▶ Data extract:
╔══

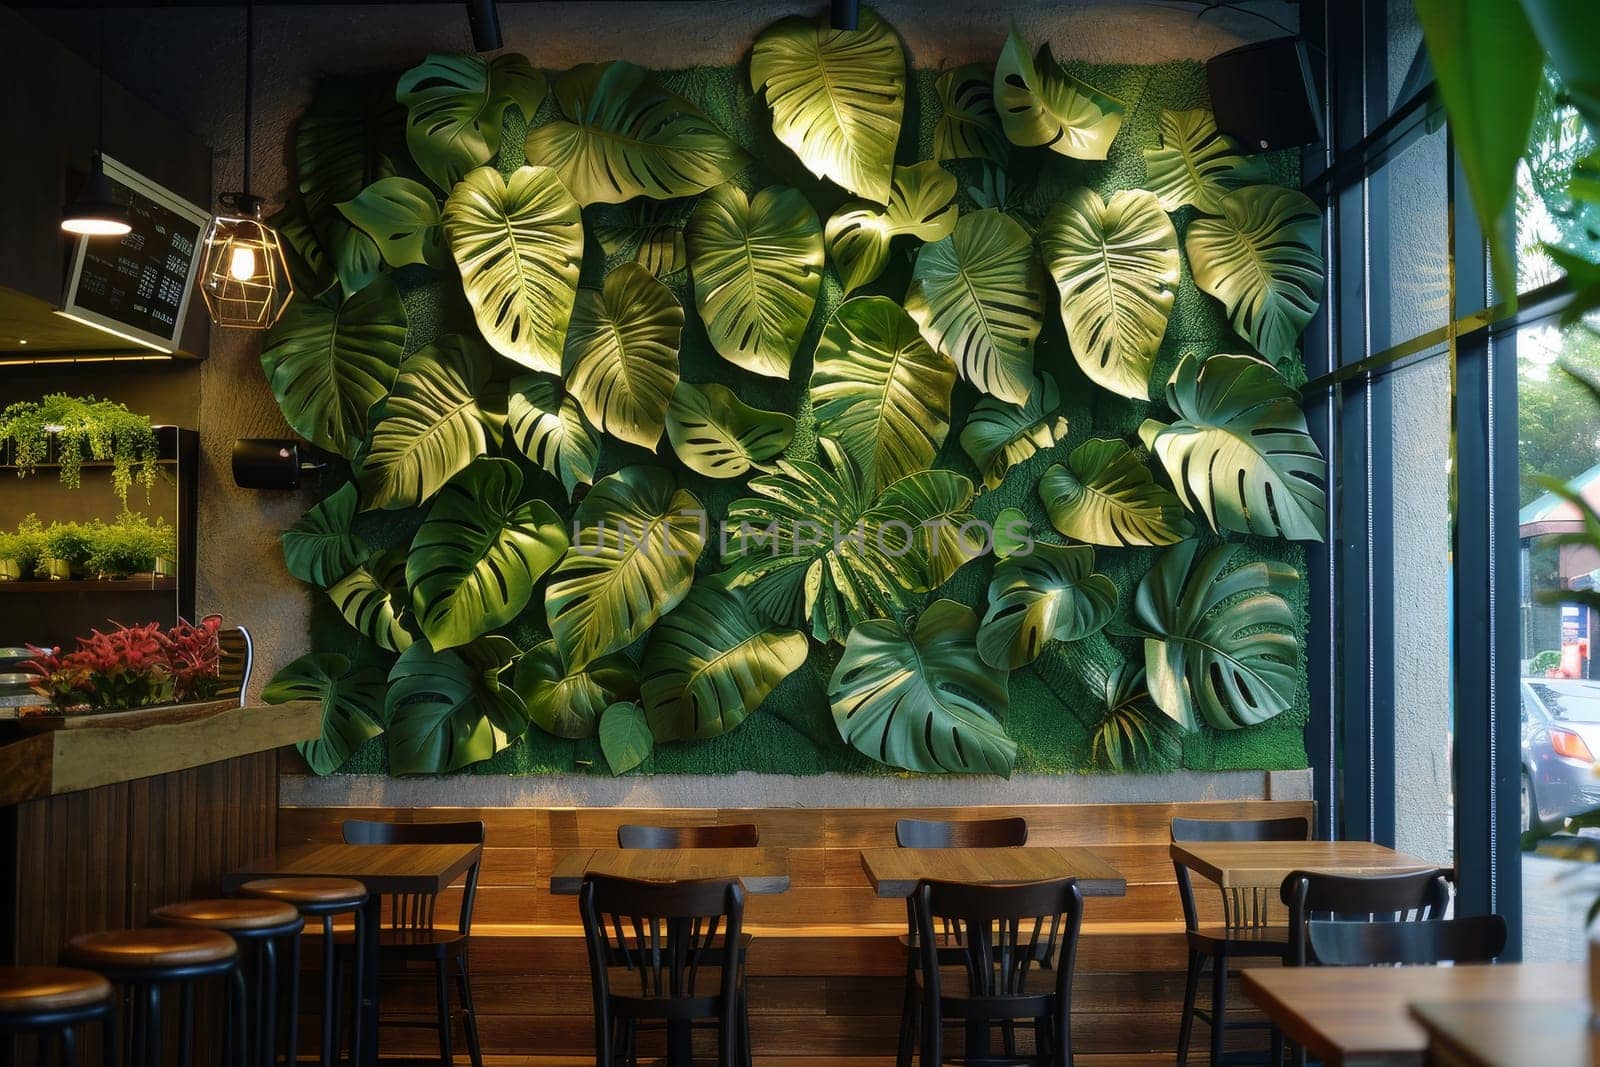 A restaurant with a green wall of leaves and a green wall of leaves. The chairs are black and the tables are wooden
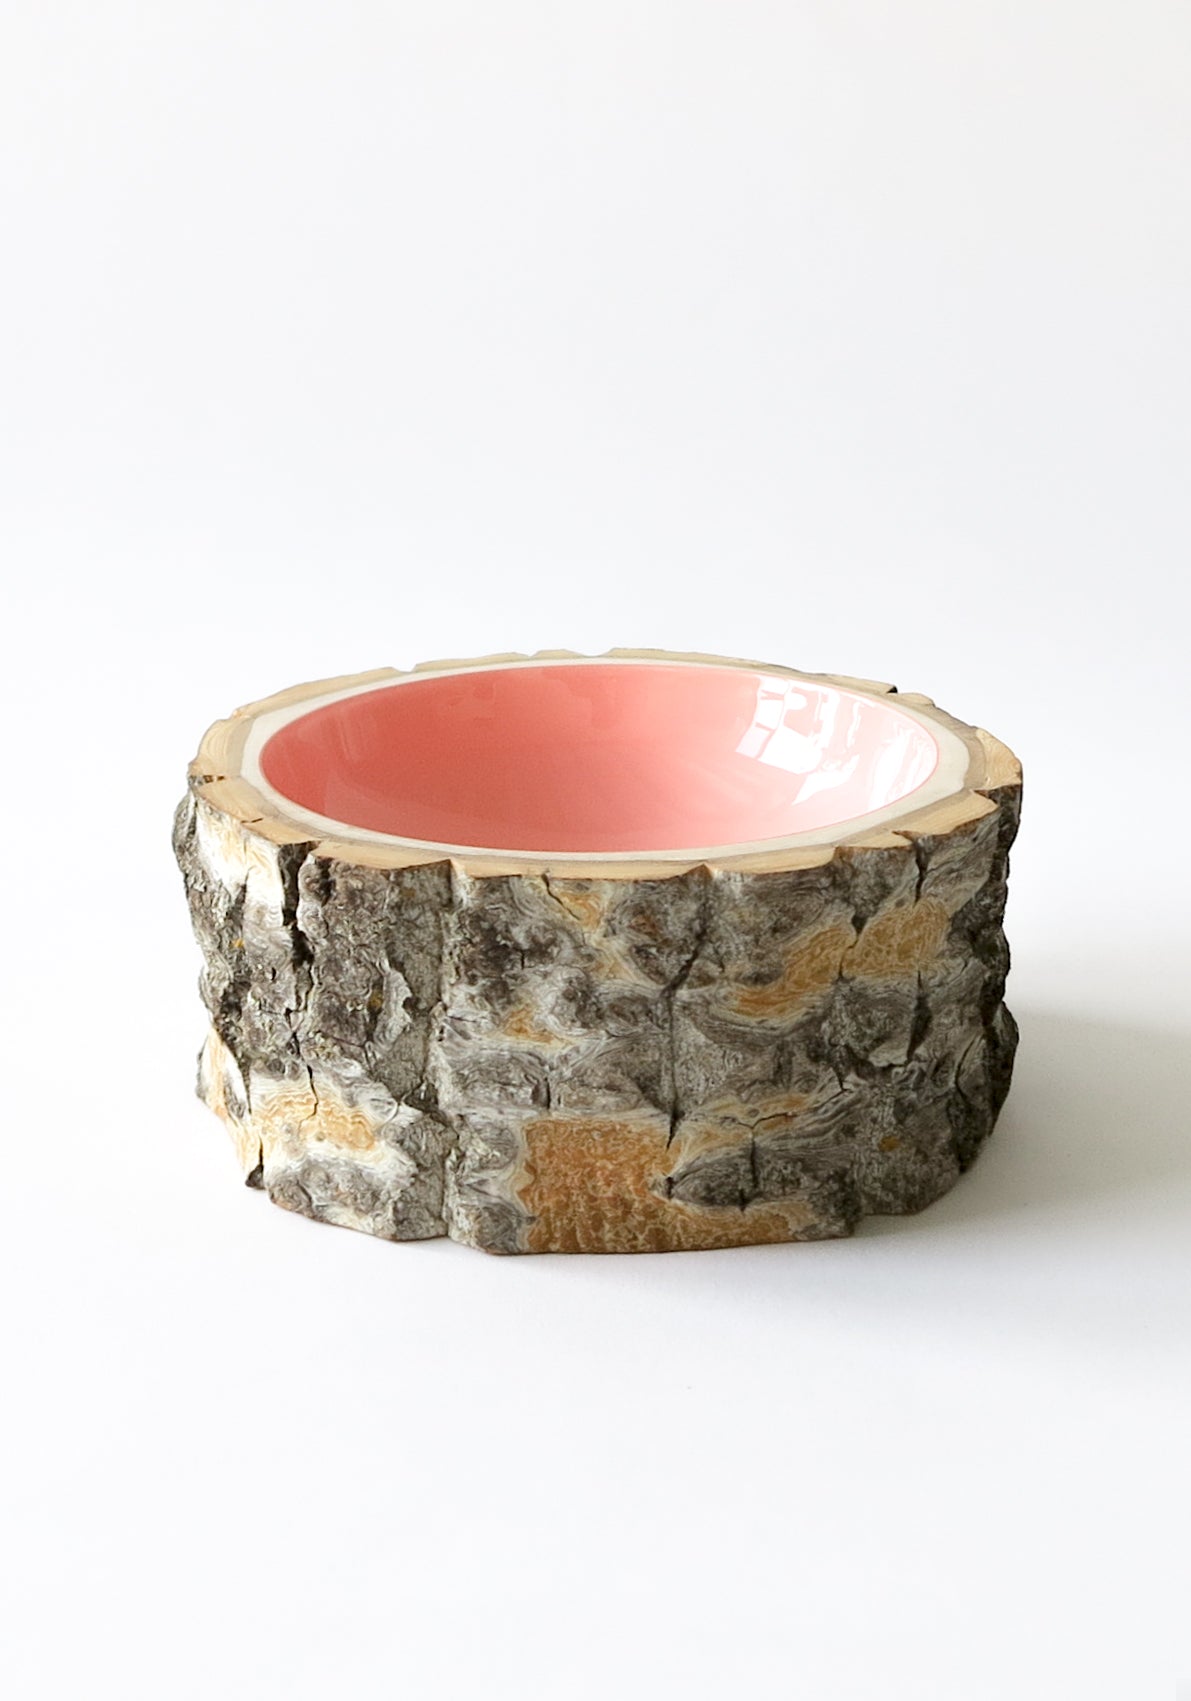 Size 7 Log Bowl - Medium to large wooden bowl with chunky poplar bark, glossy interior is a warm bright pink colour.
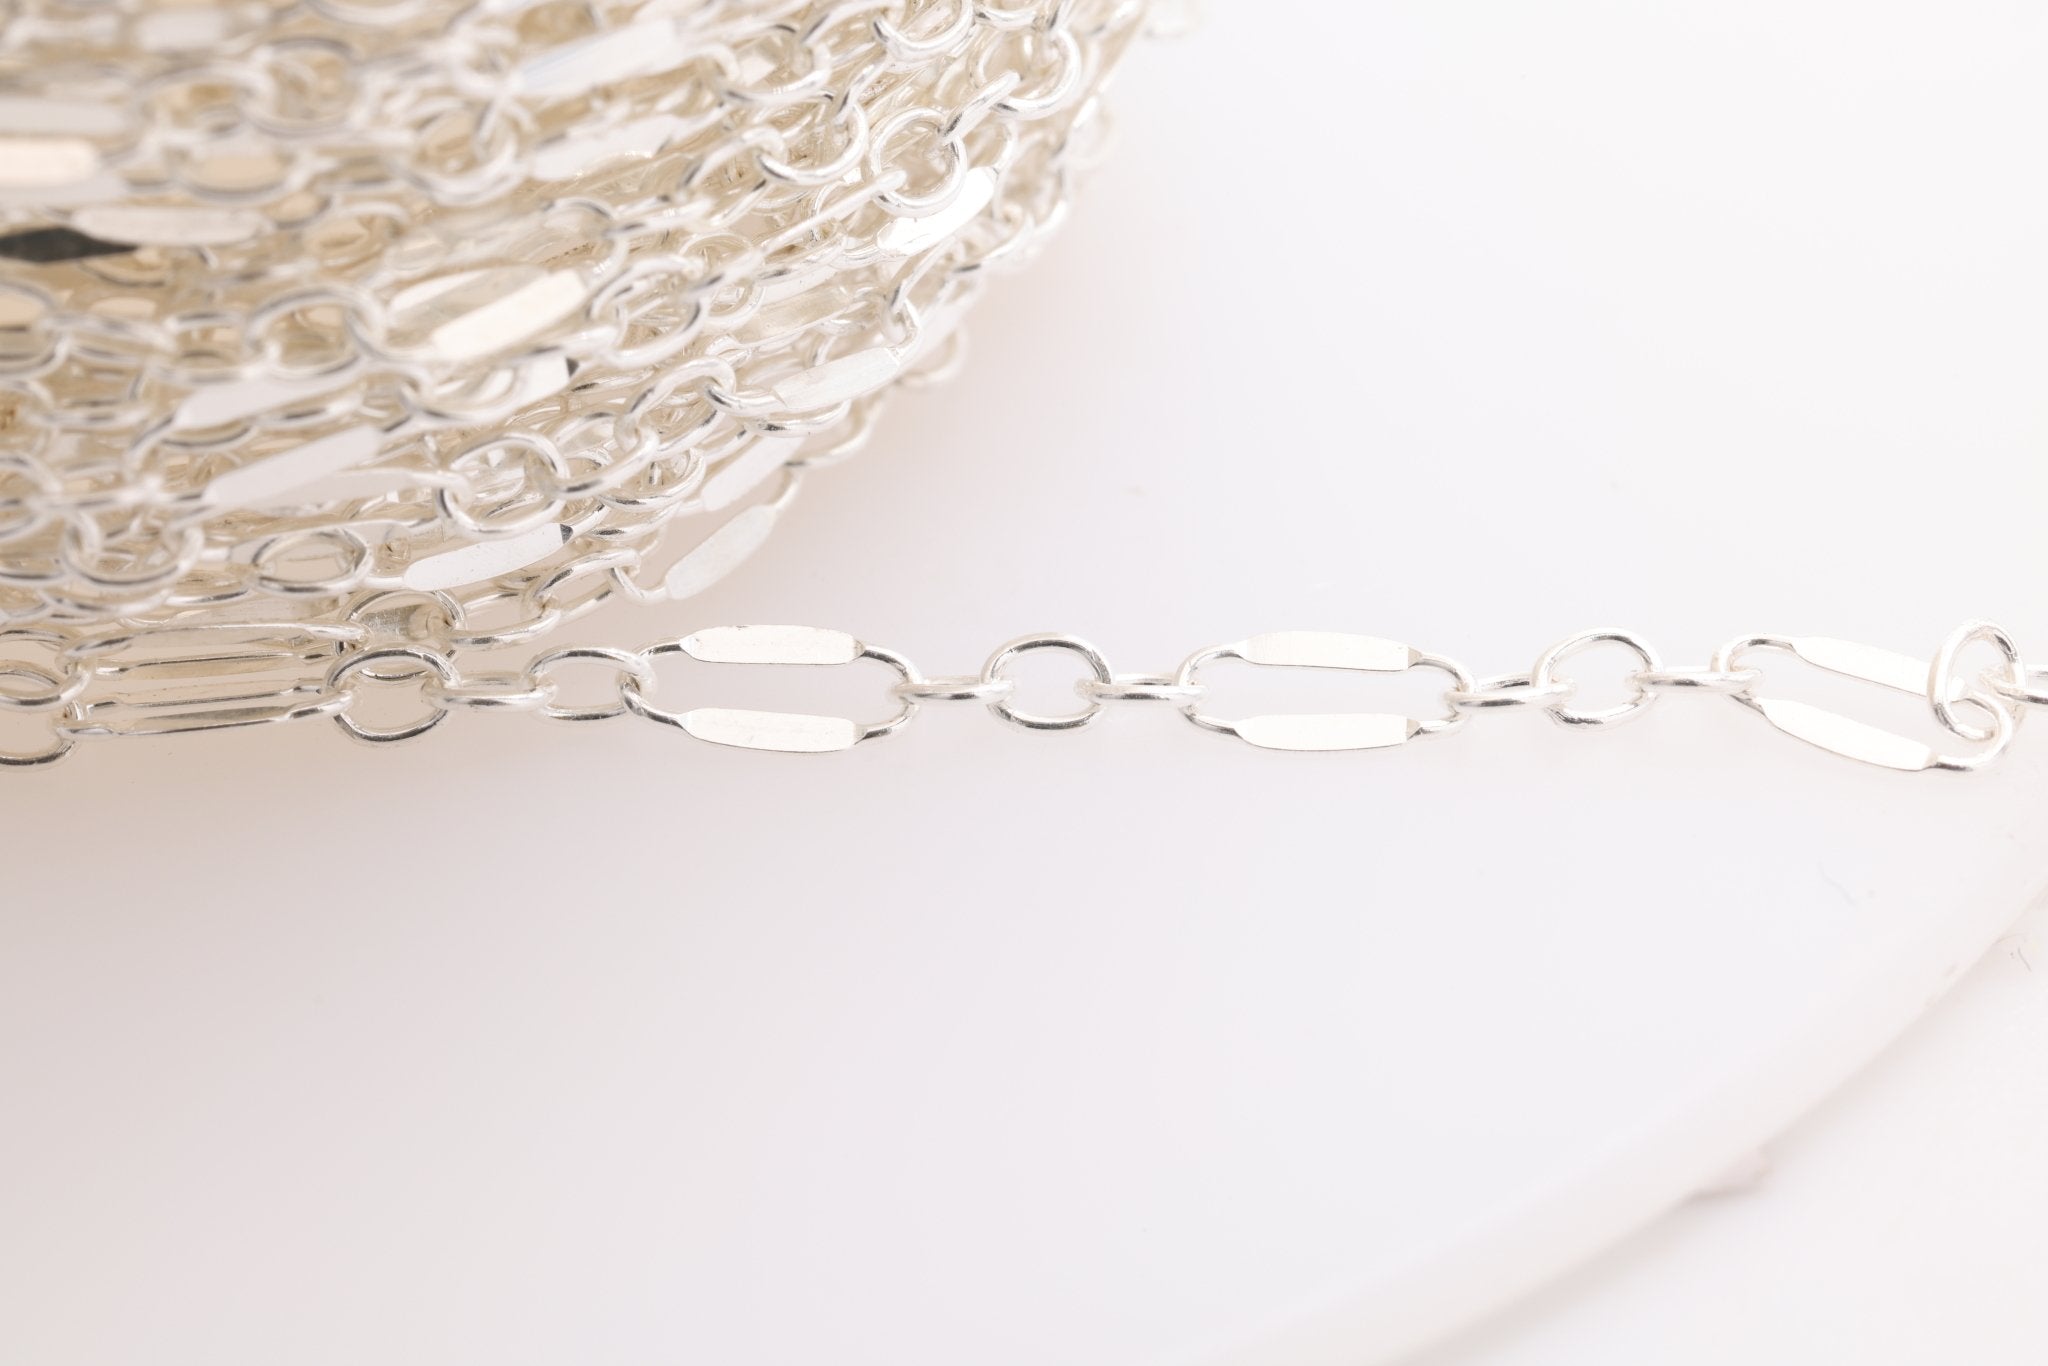 2mm x 6mm Long & Short Dapped Sequin Chain, 925 Sterling Silver, Bulk Pay Per Foot Uncut Spools For Jewelers - HarperCrown
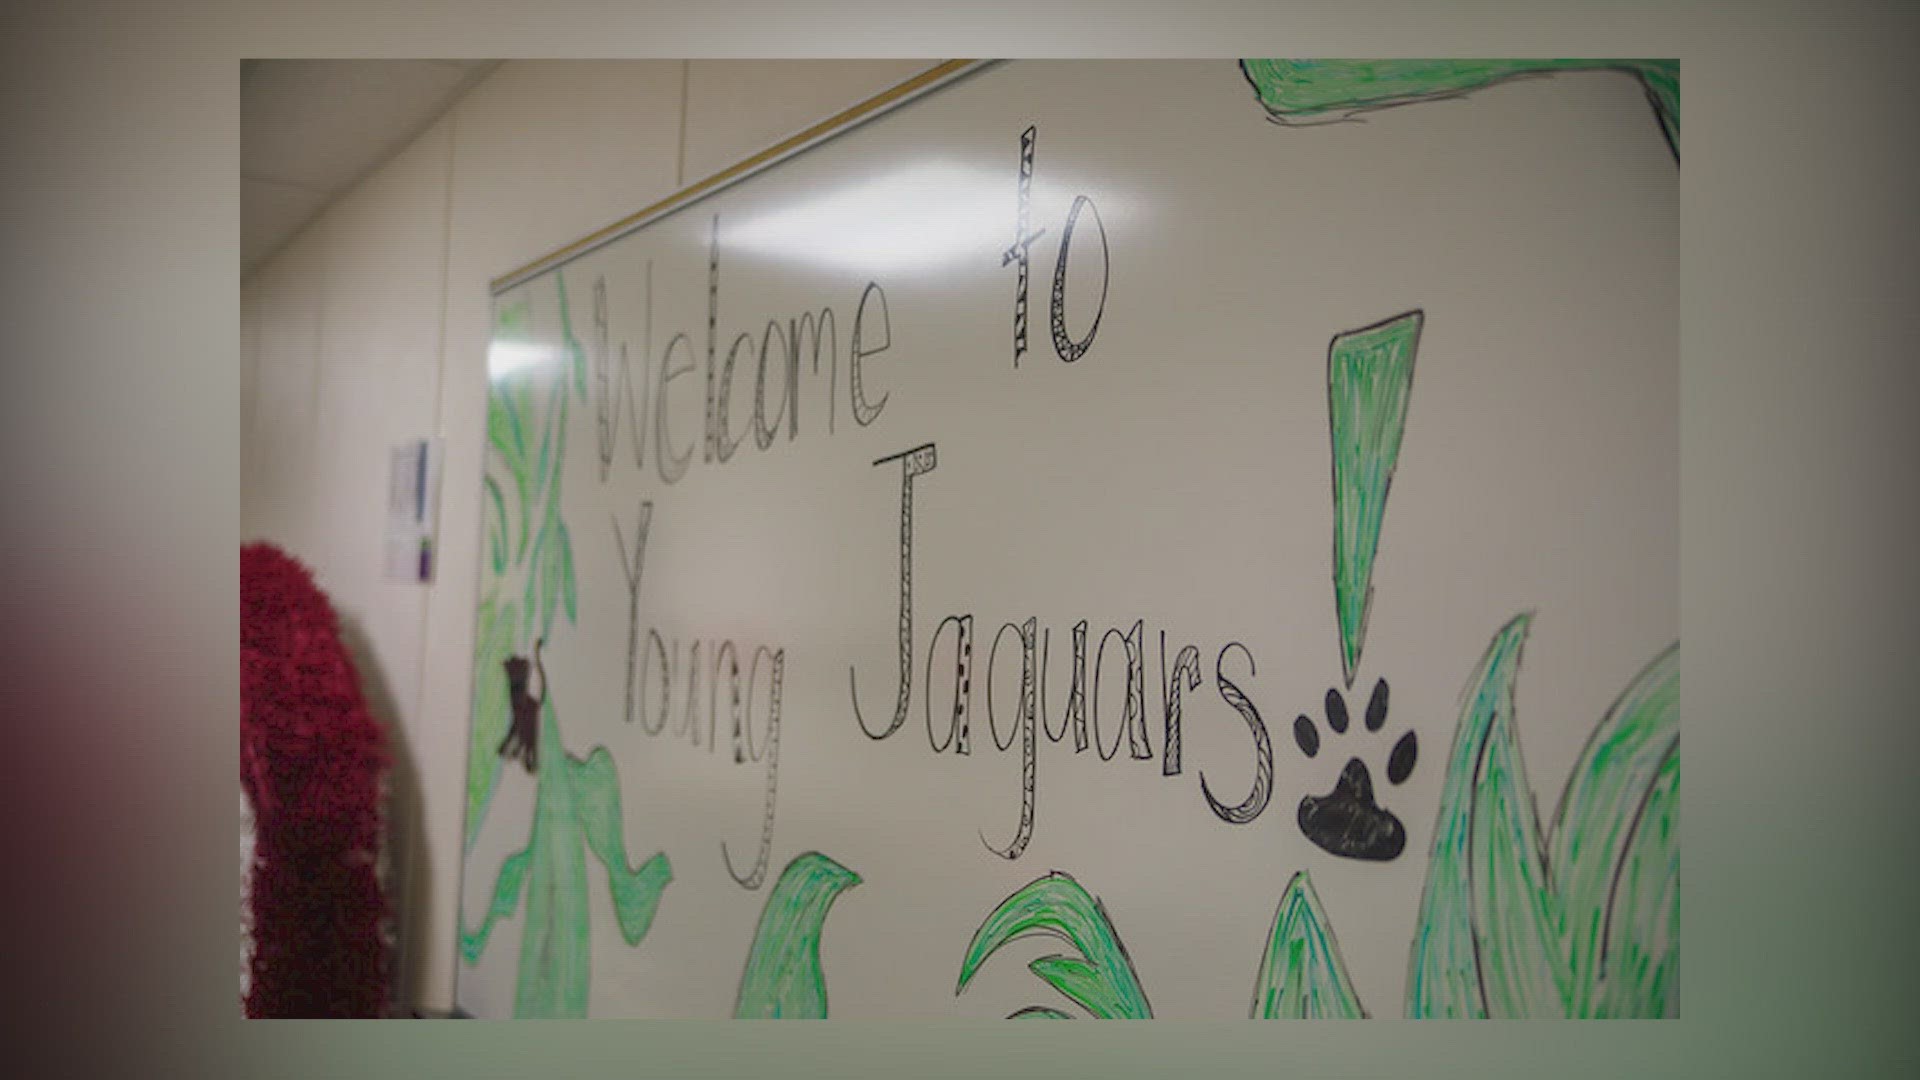 The university held a ribbon-cutting ceremony for the new "Young Jaguars" child care facility for students.

╚══

▶ About this task: Go through the lines above and write each one out verbatim, skipping the pictures.

▶ Output for this exercise:
 A restaurant with a green wall of leaves and a green wall of leaves. The chairs are black and the tables are wooden
 Size 7 Log Bowl - Medium to large wooden bowl with chunky poplar bark, glossy interior is a warm bright pink colour.
 2mm x 6mm Long & Short Dapped Sequin Chain, 925 Sterling Silver, Bulk Pay Per Foot Uncut Spools For Jewelers - HarperCrown
 The university held a ribbon-cutting ceremony for the new "Young Jaguars" child care facility for students.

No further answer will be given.